- Your goal -
Give the data below again exactly as it stands. Omit the pictures.

- Data provided -

_ _ _

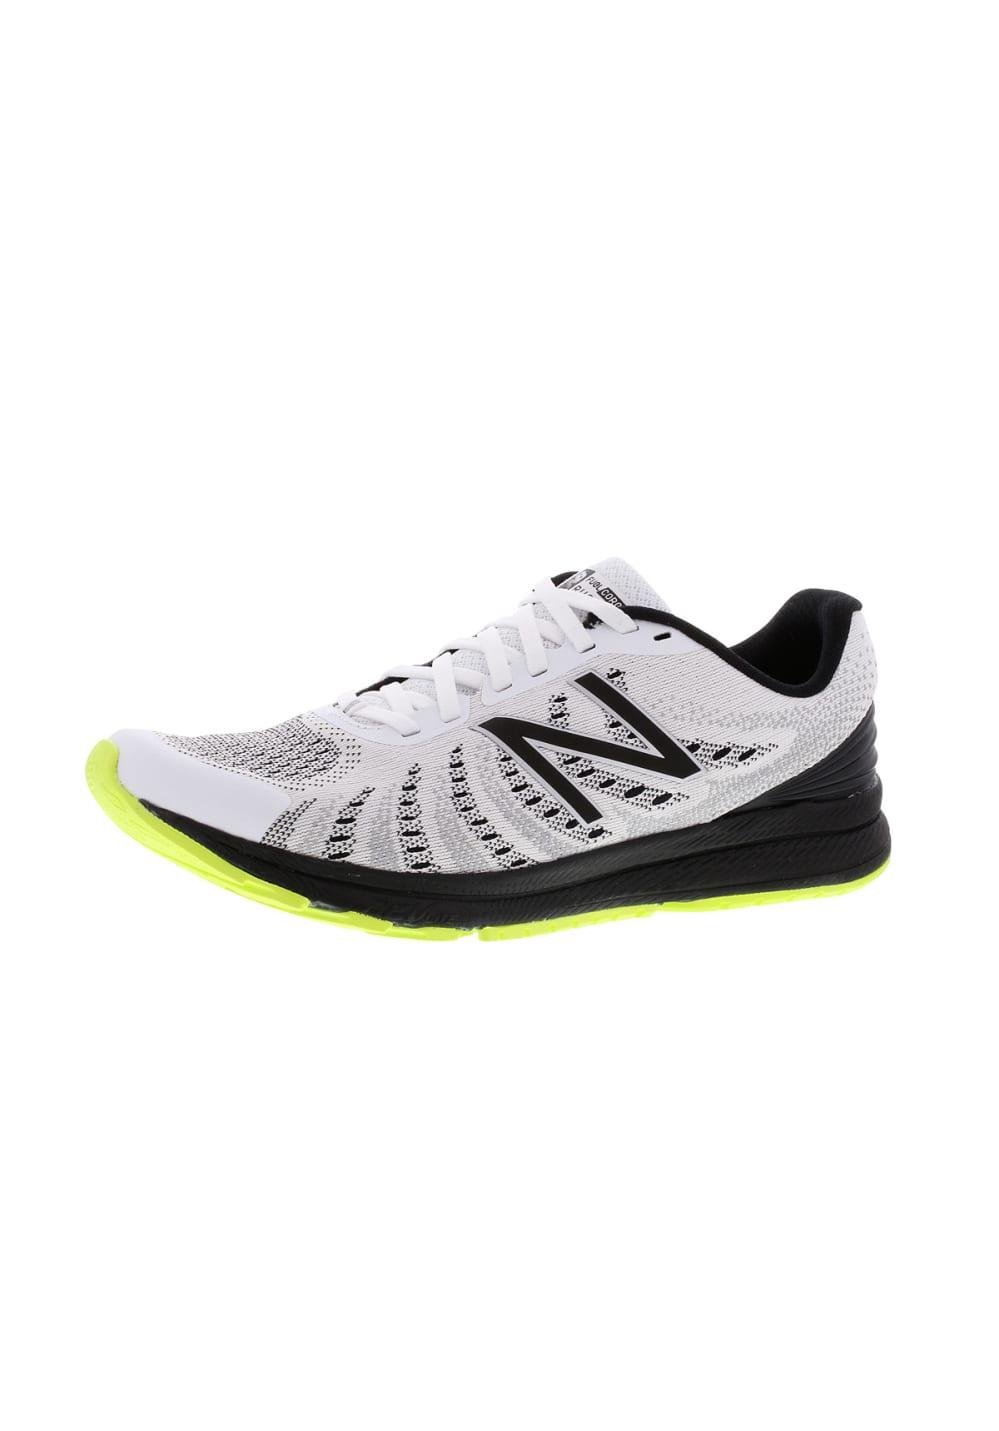 dd1d8a7b336ca New Balance FuelCore Rush V3 - Running shoes for Men - White | 21RUN
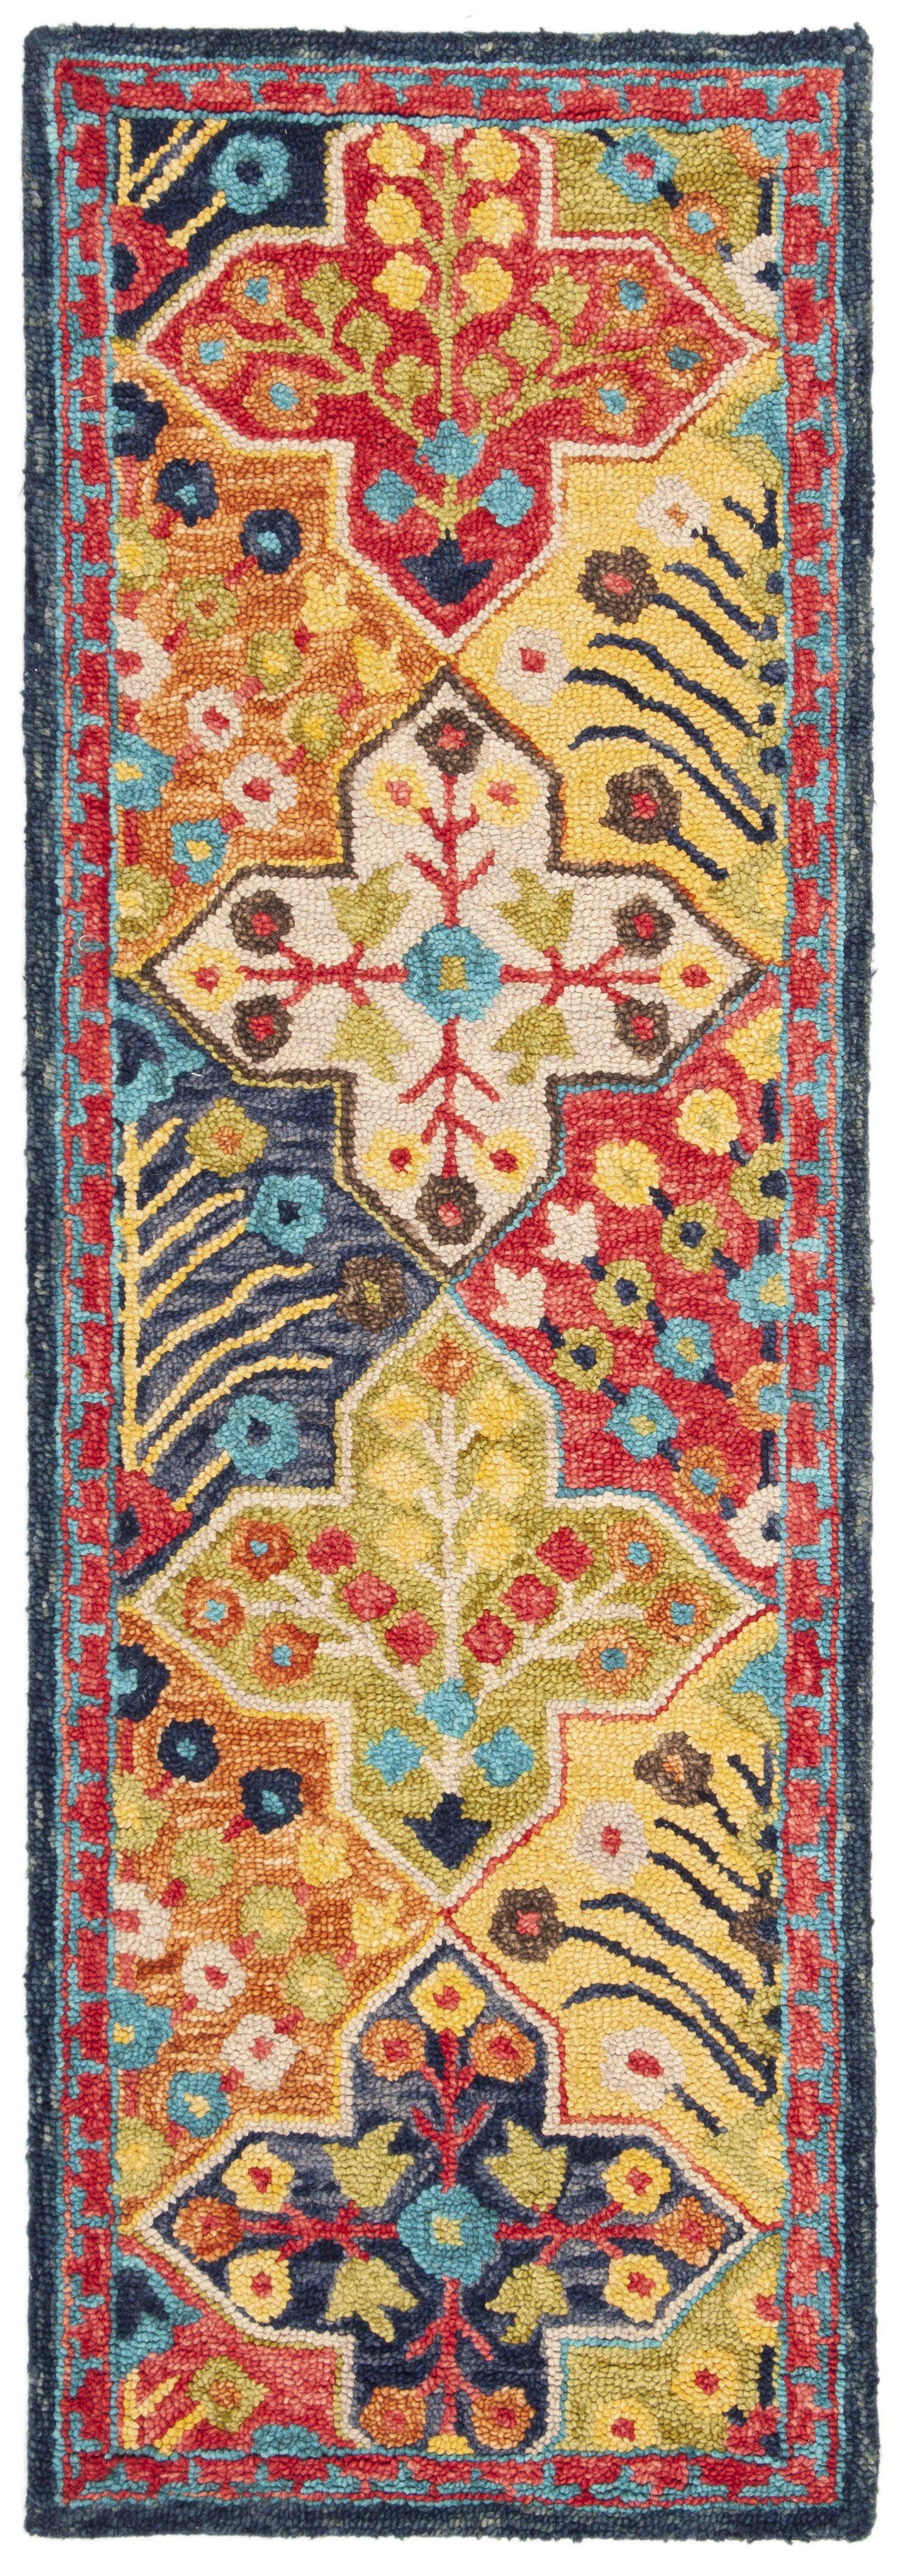 Poulin Hand-Tufted Wool Blue/Orange Area Rug Rug Size: Runner 2'3
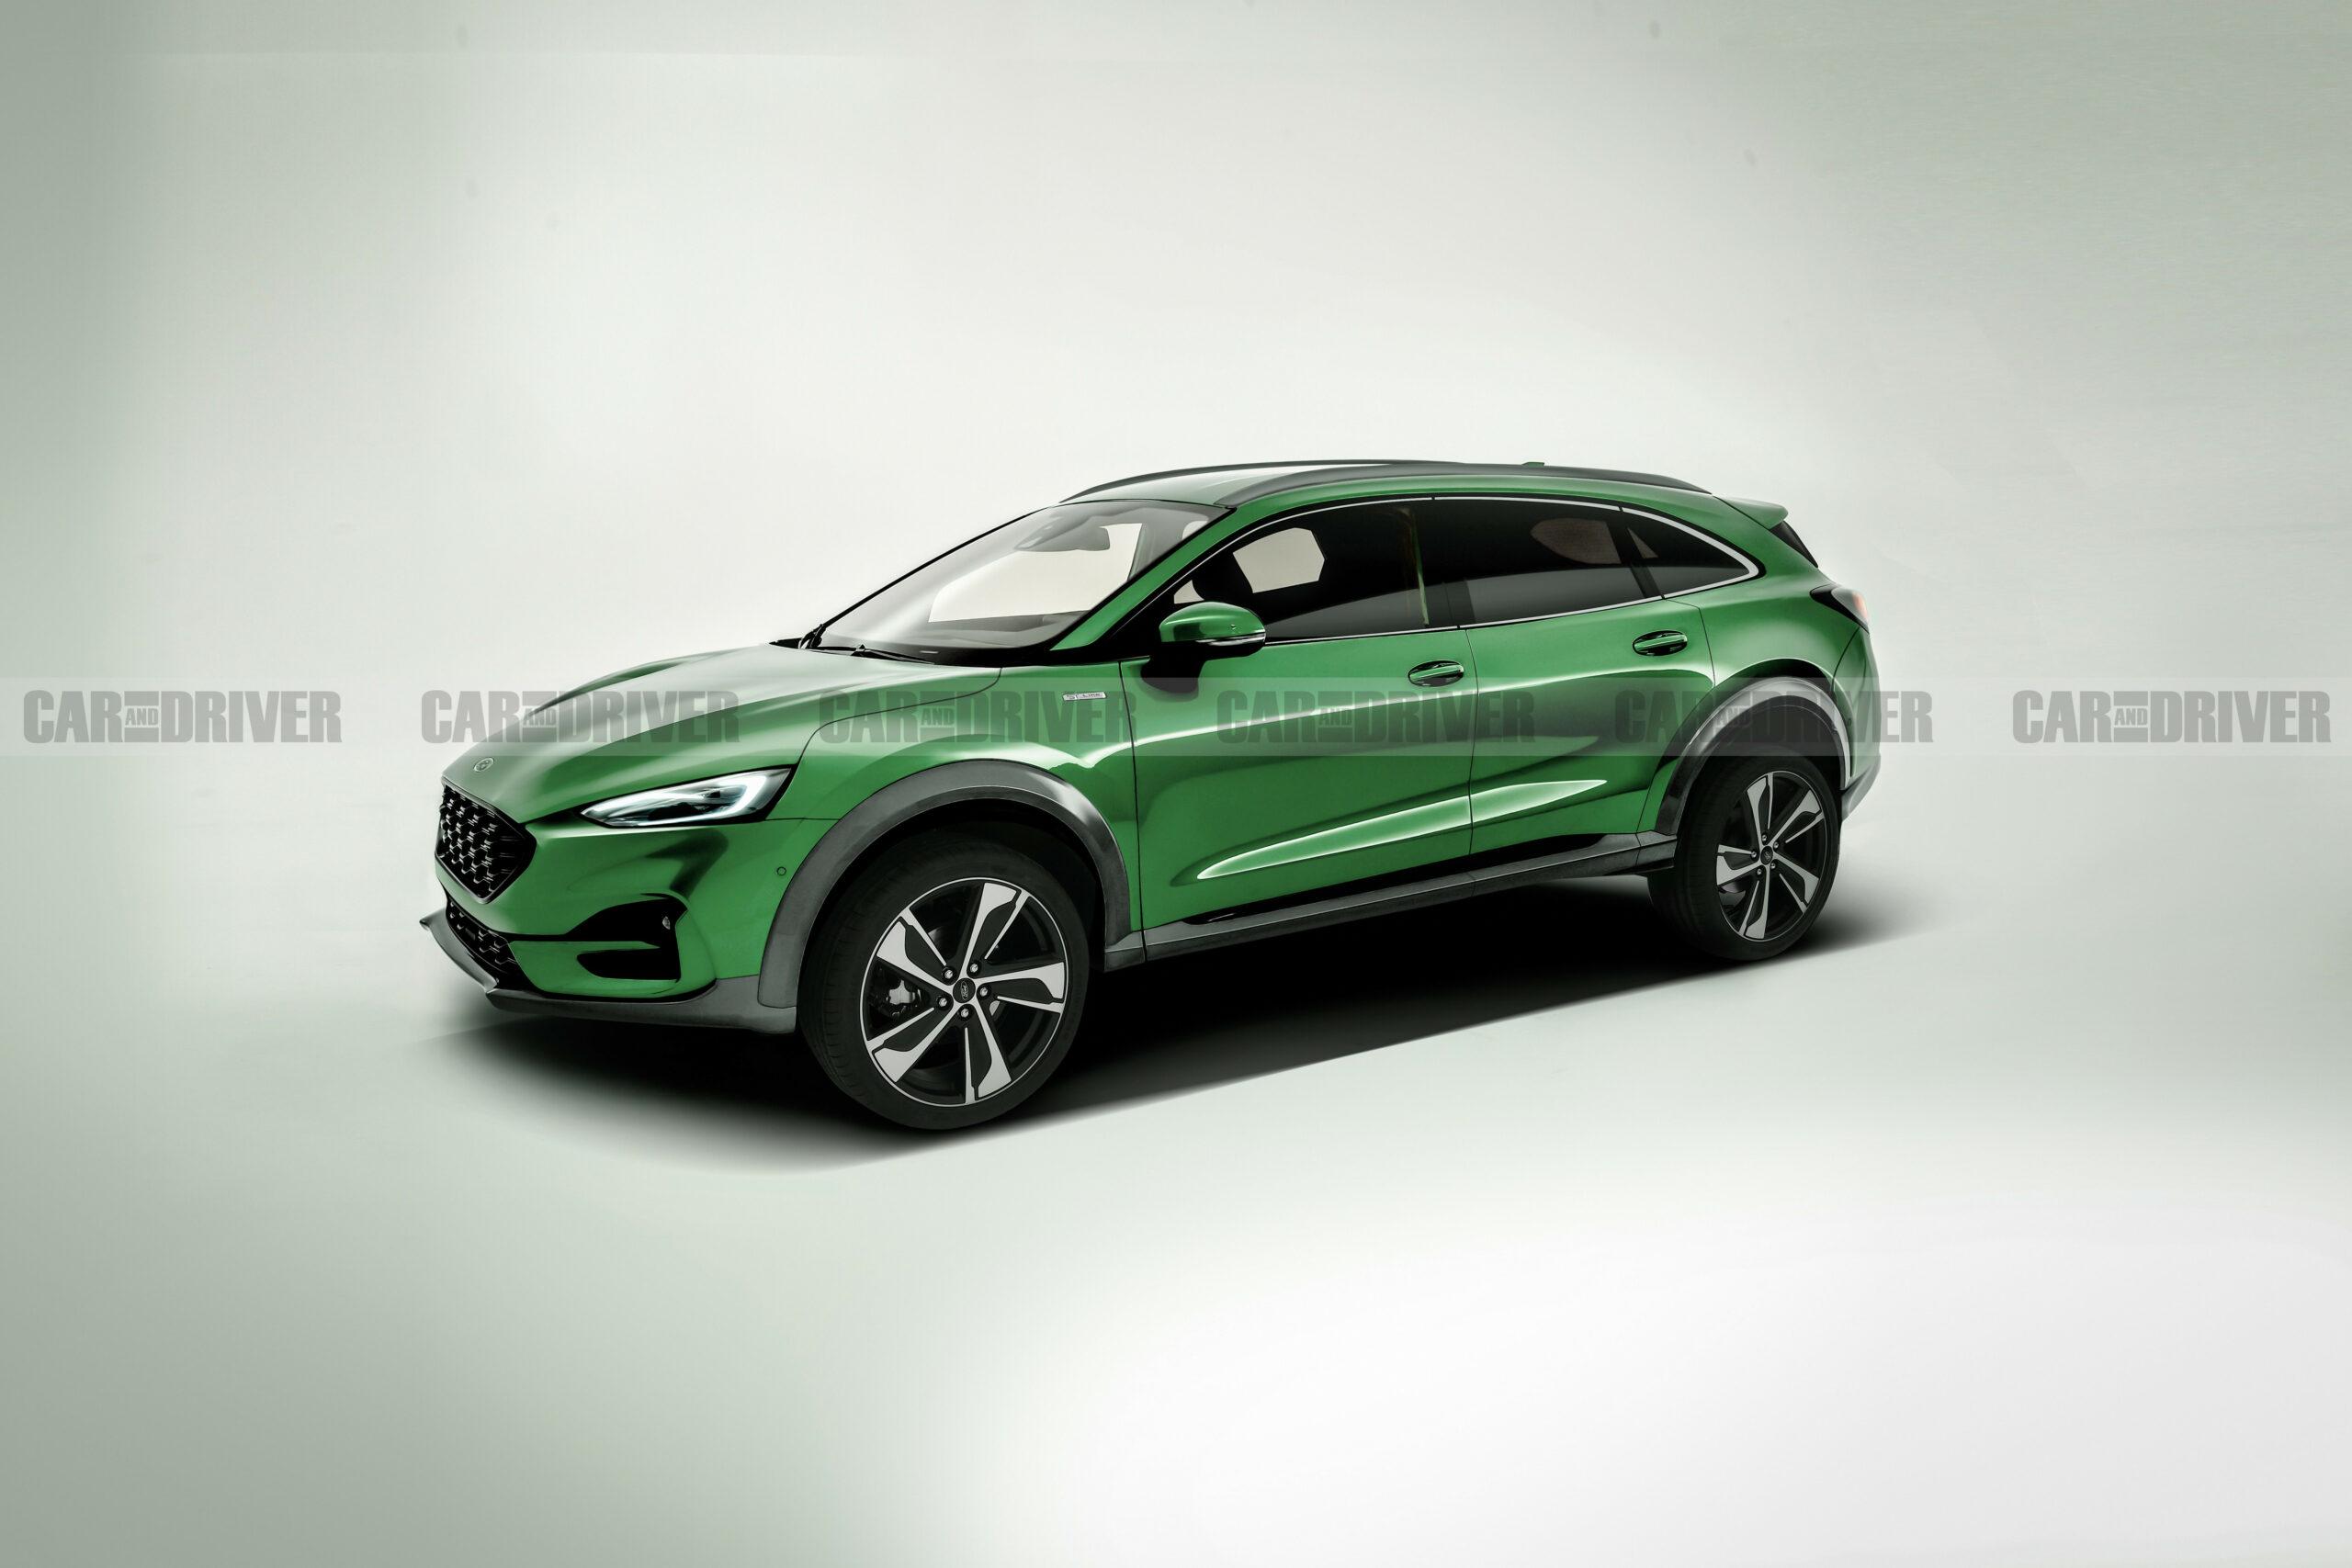 Model 2022 Ford Fusion Energi

_ _ _

- Worked solution -
 dd1d8a7b336ca New Balance FuelCore Rush V3 - Running shoes for Men - White | 21RUN
 Poulin Hand-Tufted Wool Blue/Orange Area Rug Rug Size: Runner 2'3
 Model 2022 Ford Fusion Energi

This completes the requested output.